— Collected data —
■ ■ ■ ■

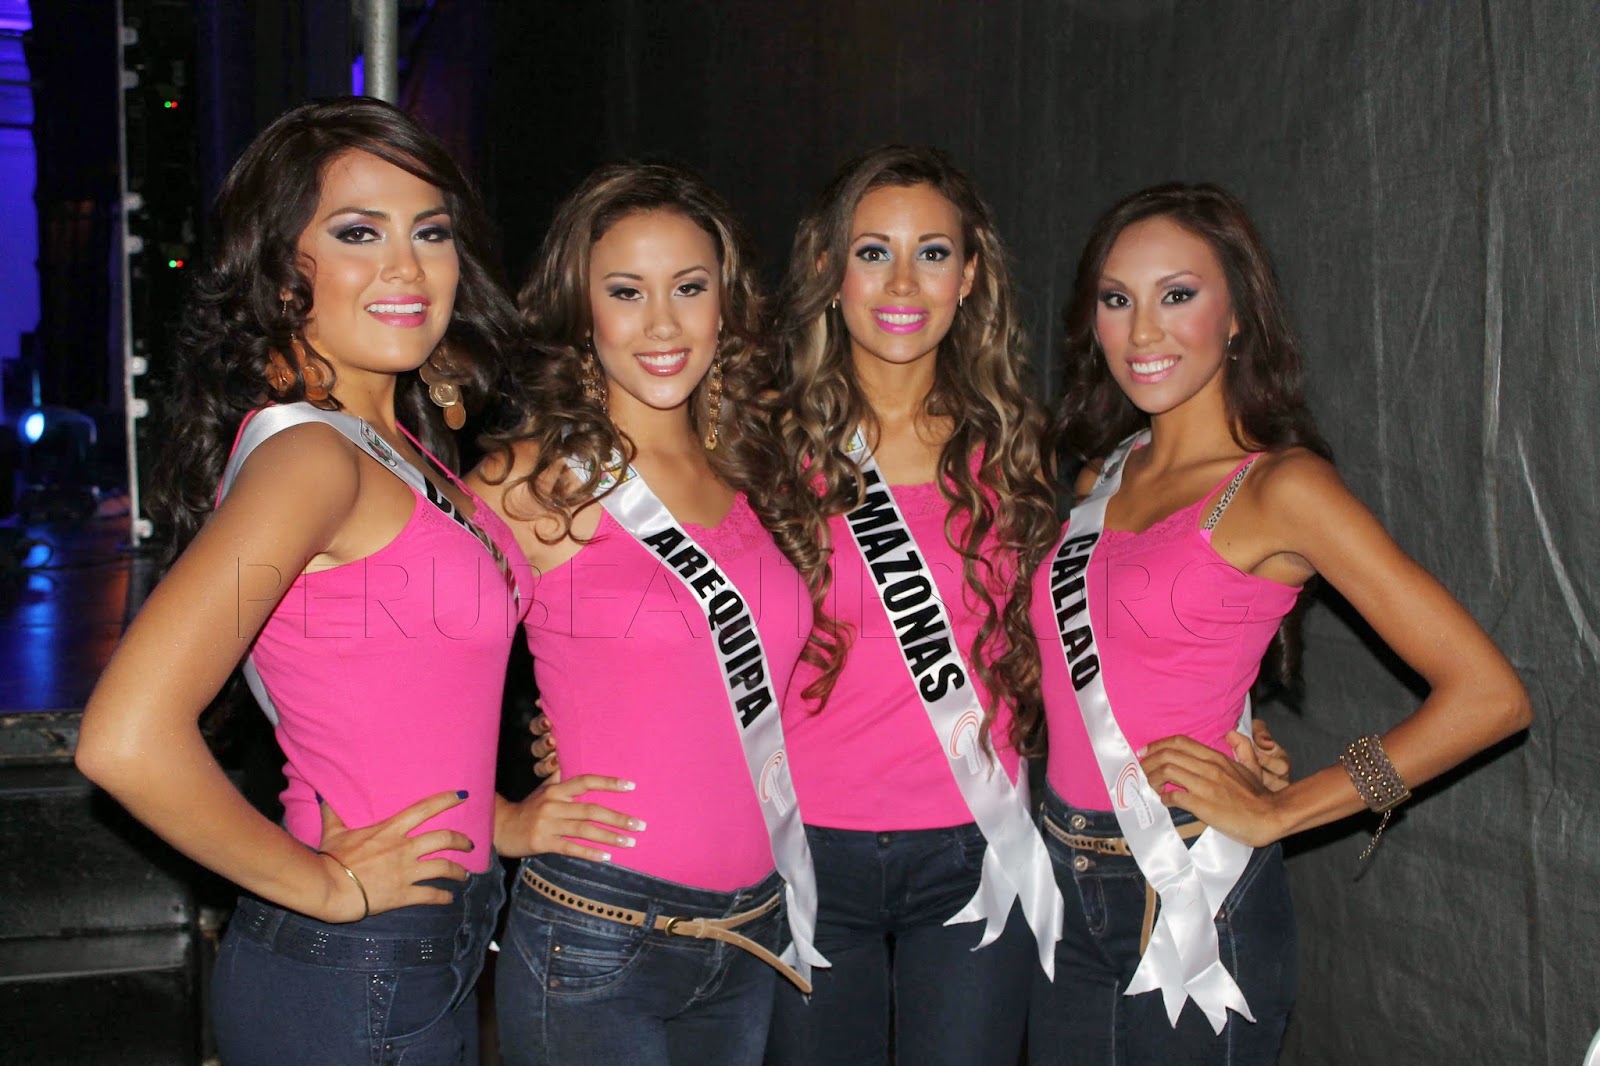 Road to Miss Peru Universe 2014 IMG_1095
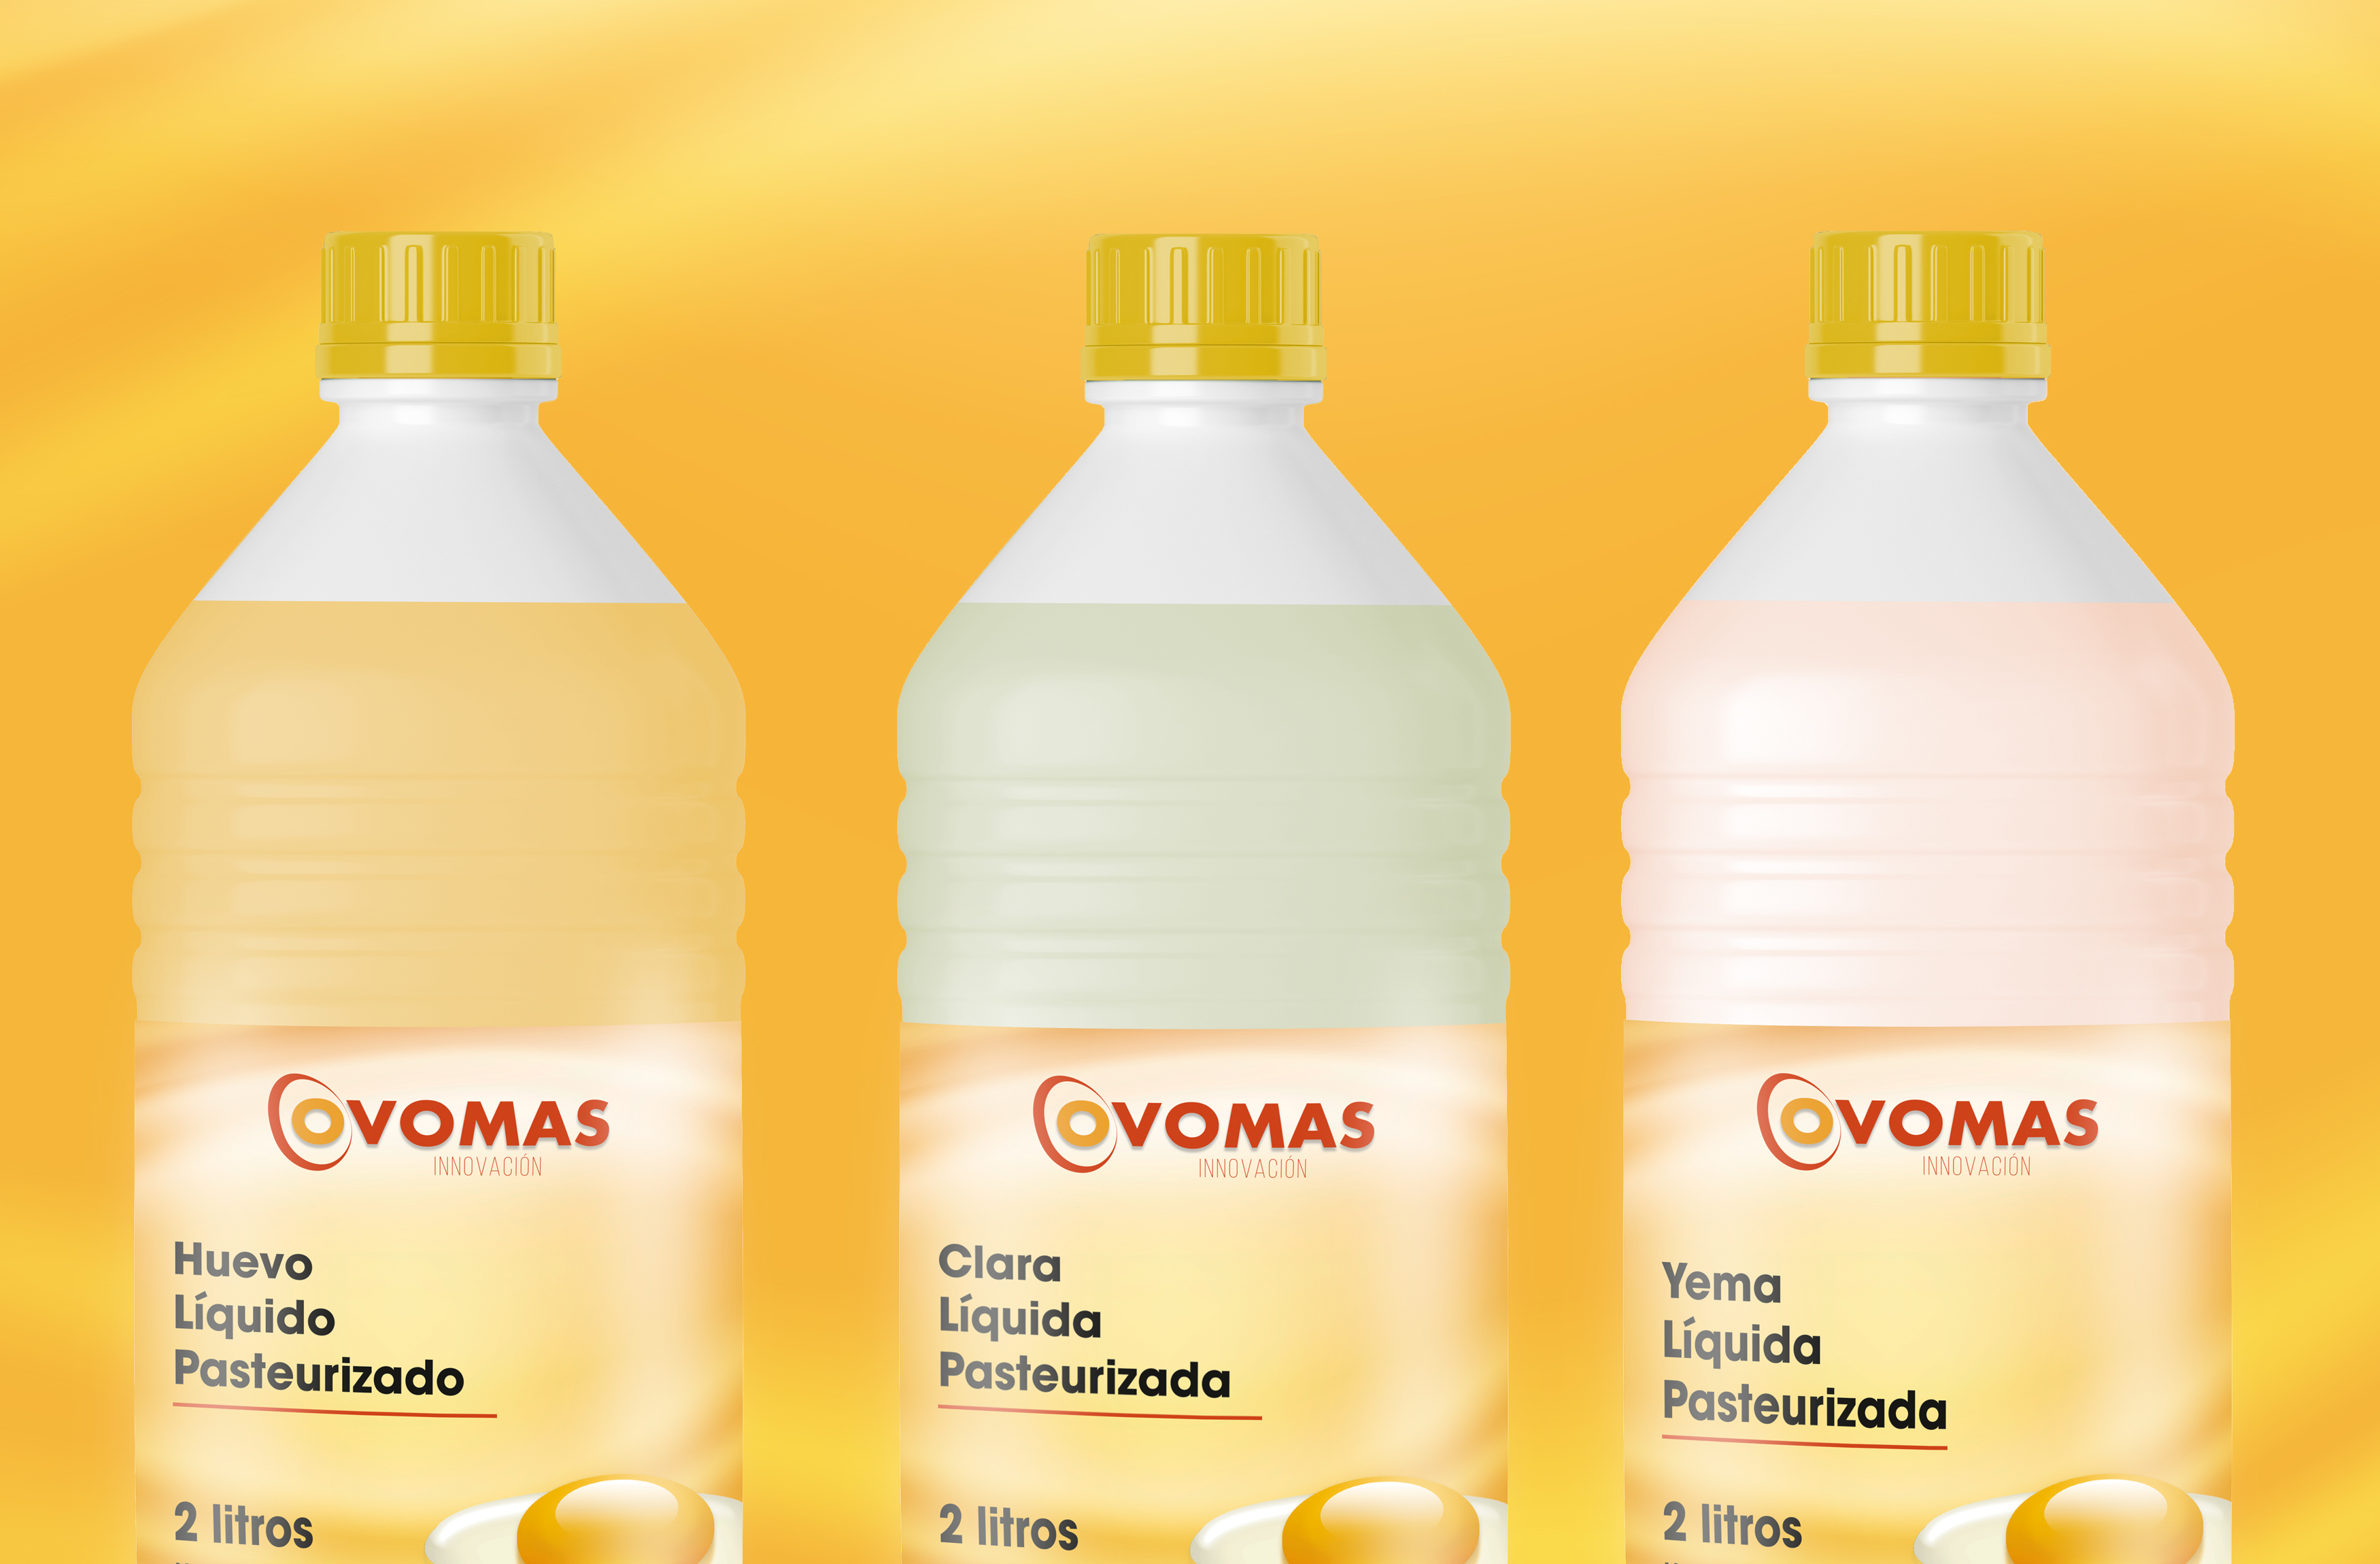 Diseño de marca y diseño de etiquetas para Ovomas
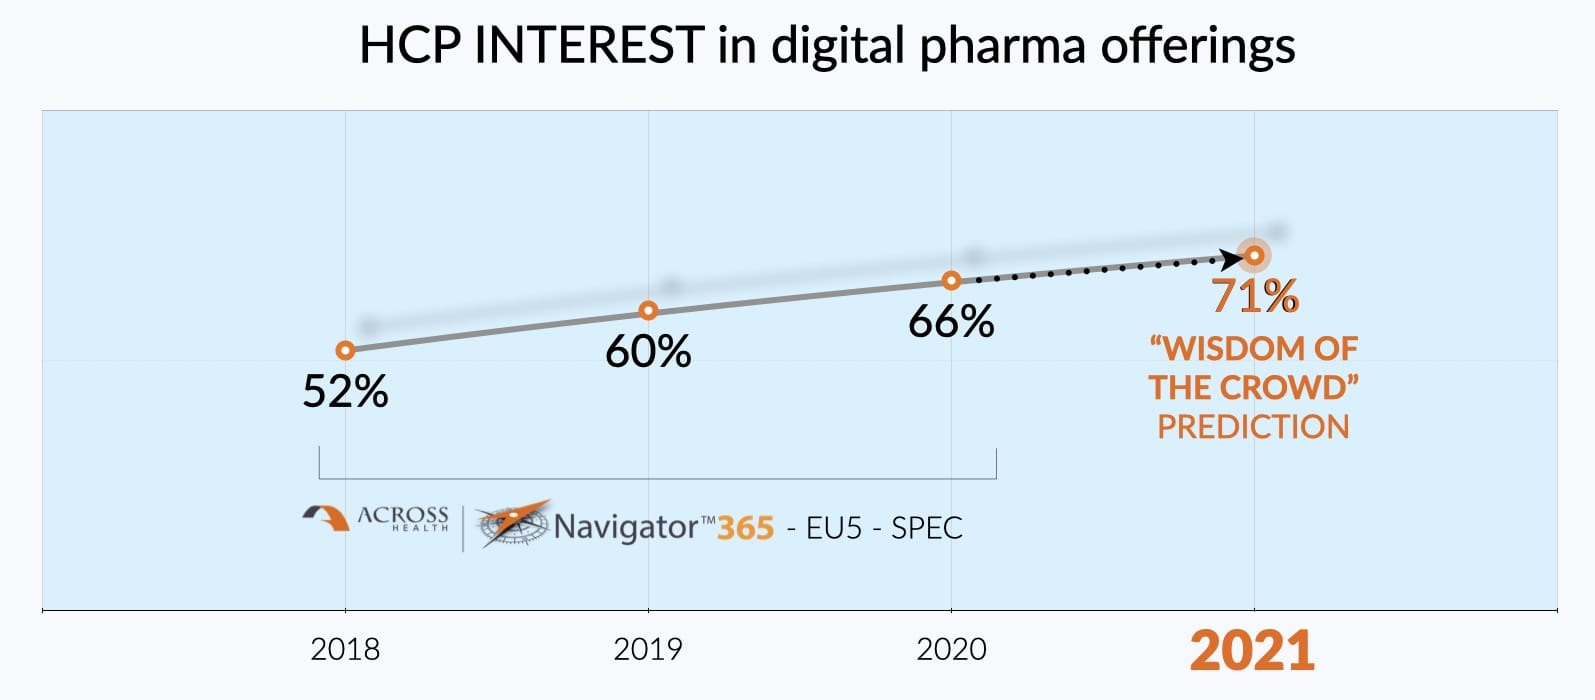 HCP Interest in digital pharma offerings for 2021

■ ■ ■ ■

— Problem description —
Repeat the material above word for word, please, apart from its images.

— Exercise response —
 Road to Miss Peru Universe 2014 IMG_1095
 Diseño de marca y diseño de etiquetas para Ovomas
 HCP Interest in digital pharma offerings for 2021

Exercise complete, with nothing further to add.